Information provided:
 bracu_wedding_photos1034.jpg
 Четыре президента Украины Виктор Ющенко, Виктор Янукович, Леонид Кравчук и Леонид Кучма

==

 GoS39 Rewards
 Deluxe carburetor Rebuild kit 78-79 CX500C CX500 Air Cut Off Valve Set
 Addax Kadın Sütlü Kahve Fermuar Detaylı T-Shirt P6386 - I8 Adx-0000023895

==

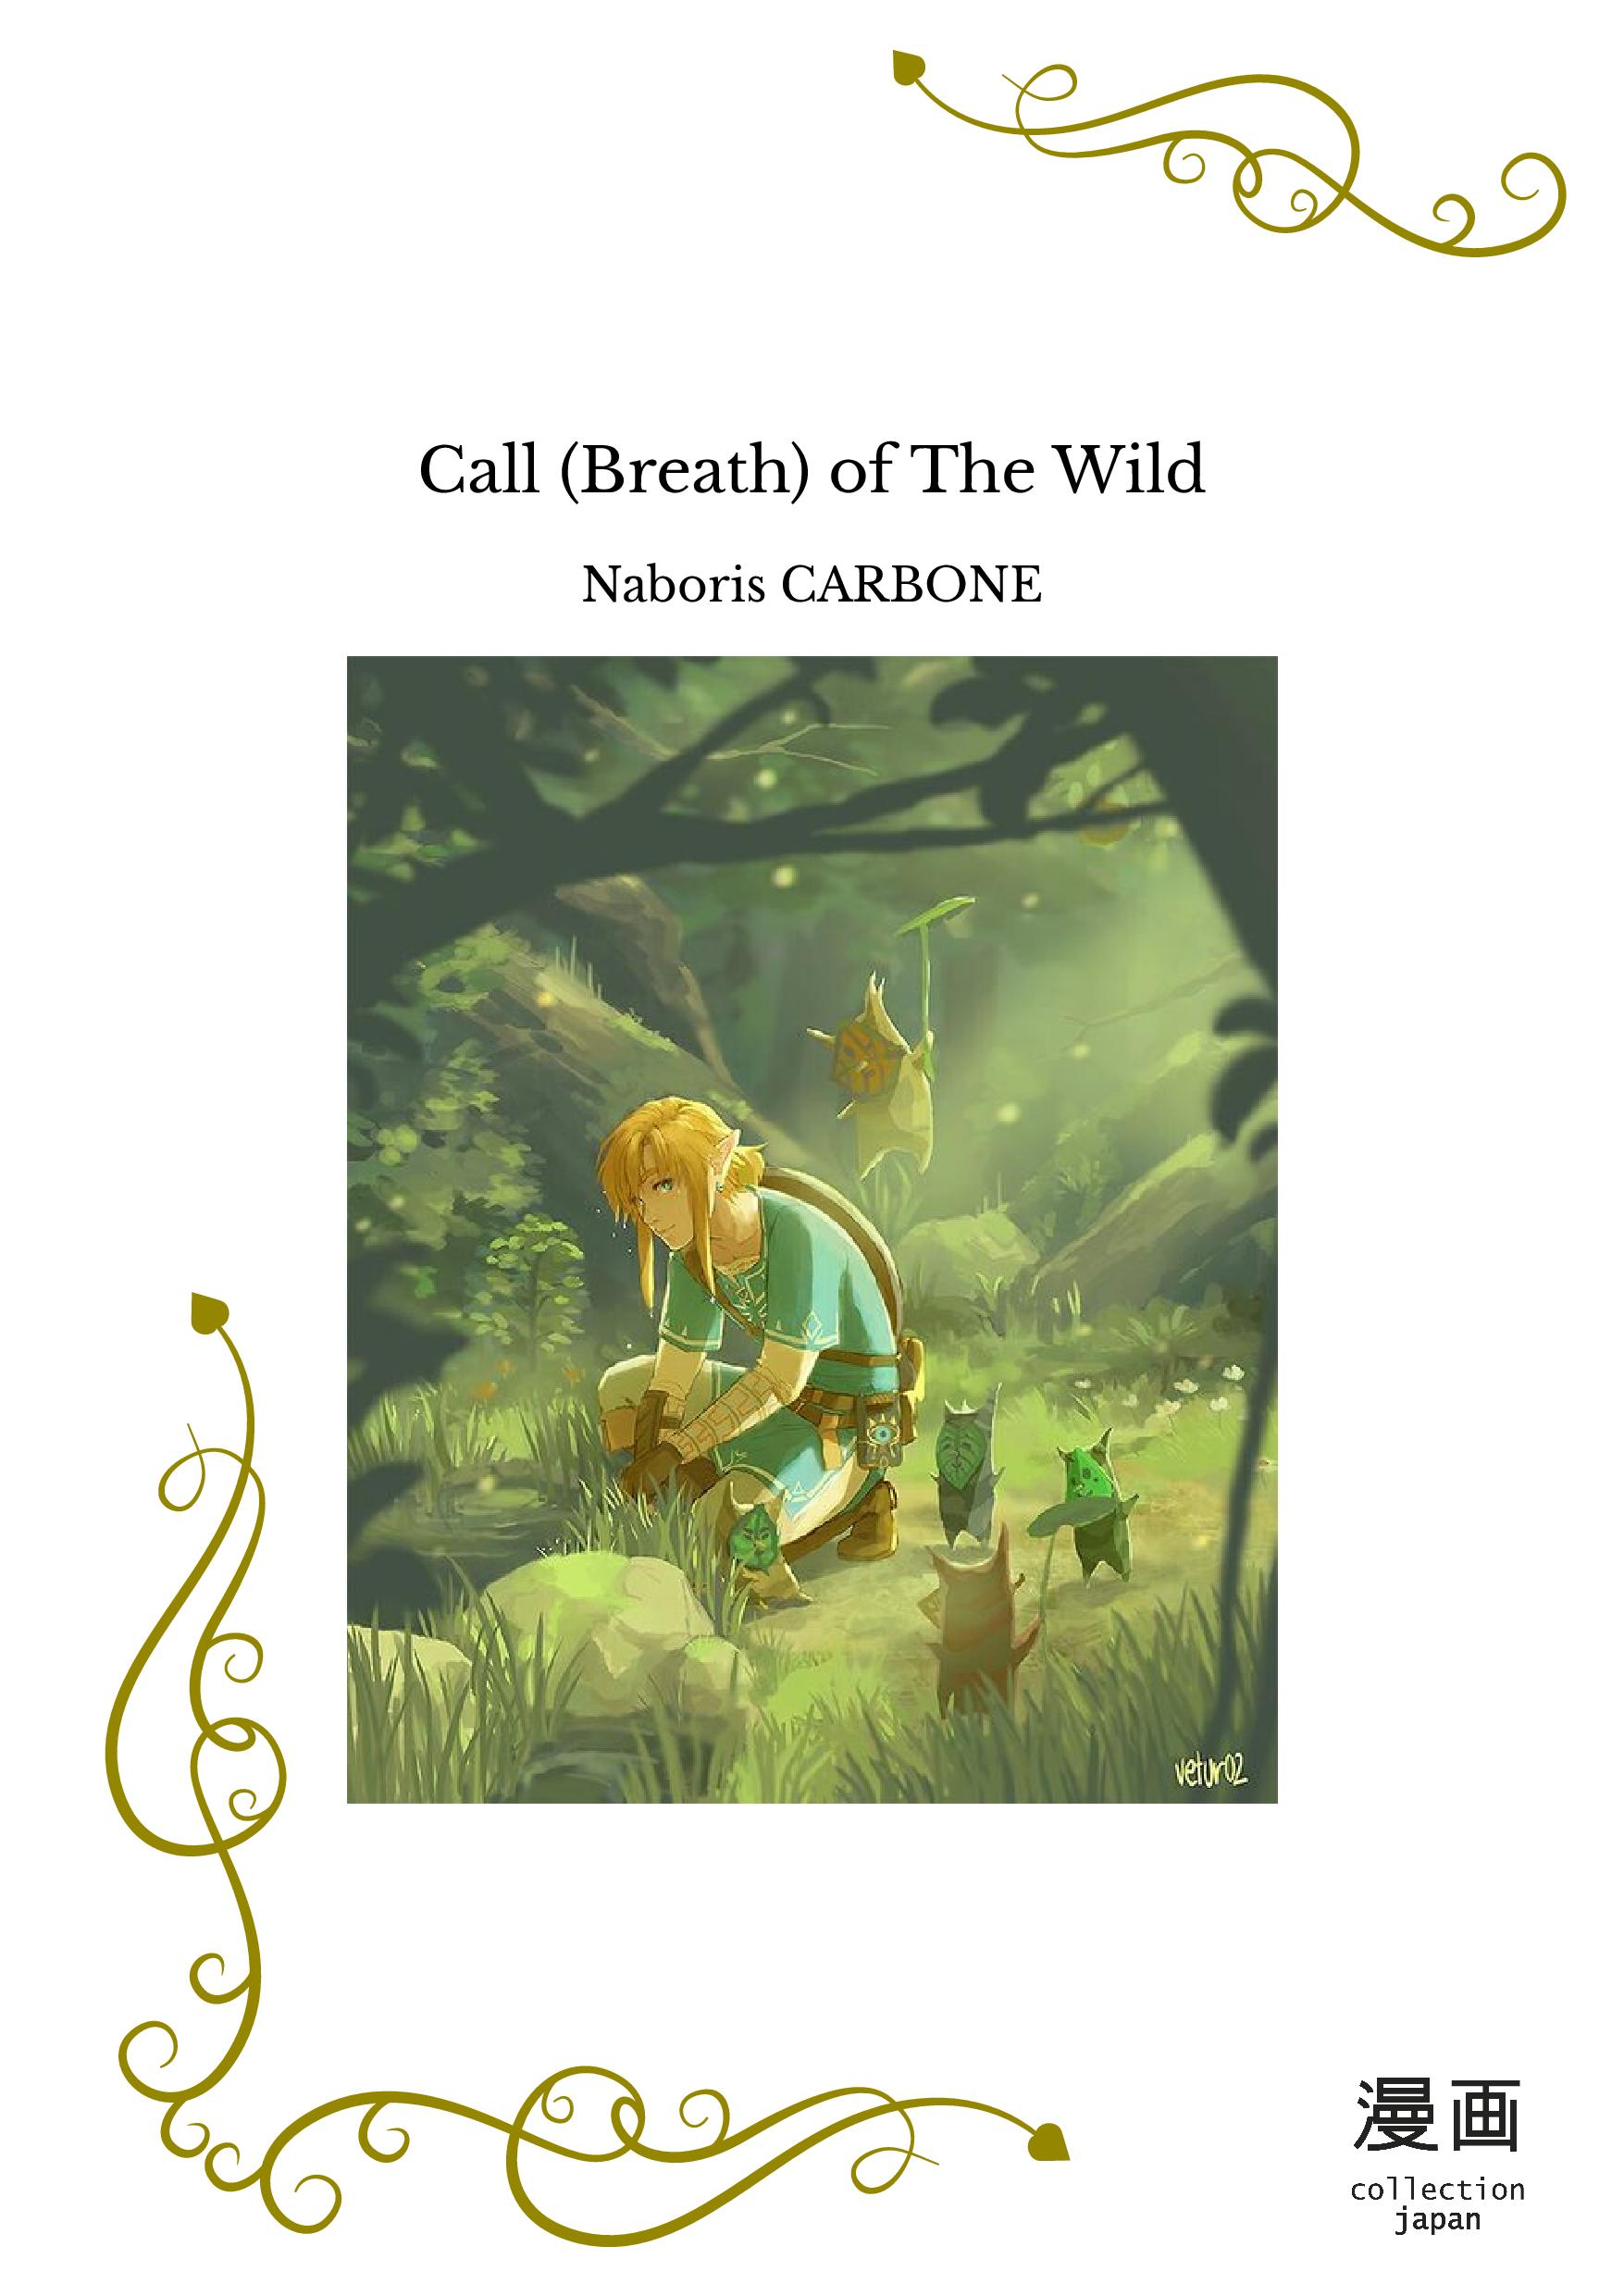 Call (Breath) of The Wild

Problem details: Reproducing the whole listing above is not the task. Copy exactly only the lines from the one with "Deluxe carburetor Rebuild" to the one with "Addax Kadın Sütlü", both kept.

Exercise solution:
 Deluxe carburetor Rebuild kit 78-79 CX500C CX500 Air Cut Off Valve Set
 Addax Kadın Sütlü Kahve Fermuar Detaylı T-Shirt P6386 - I8 Adx-0000023895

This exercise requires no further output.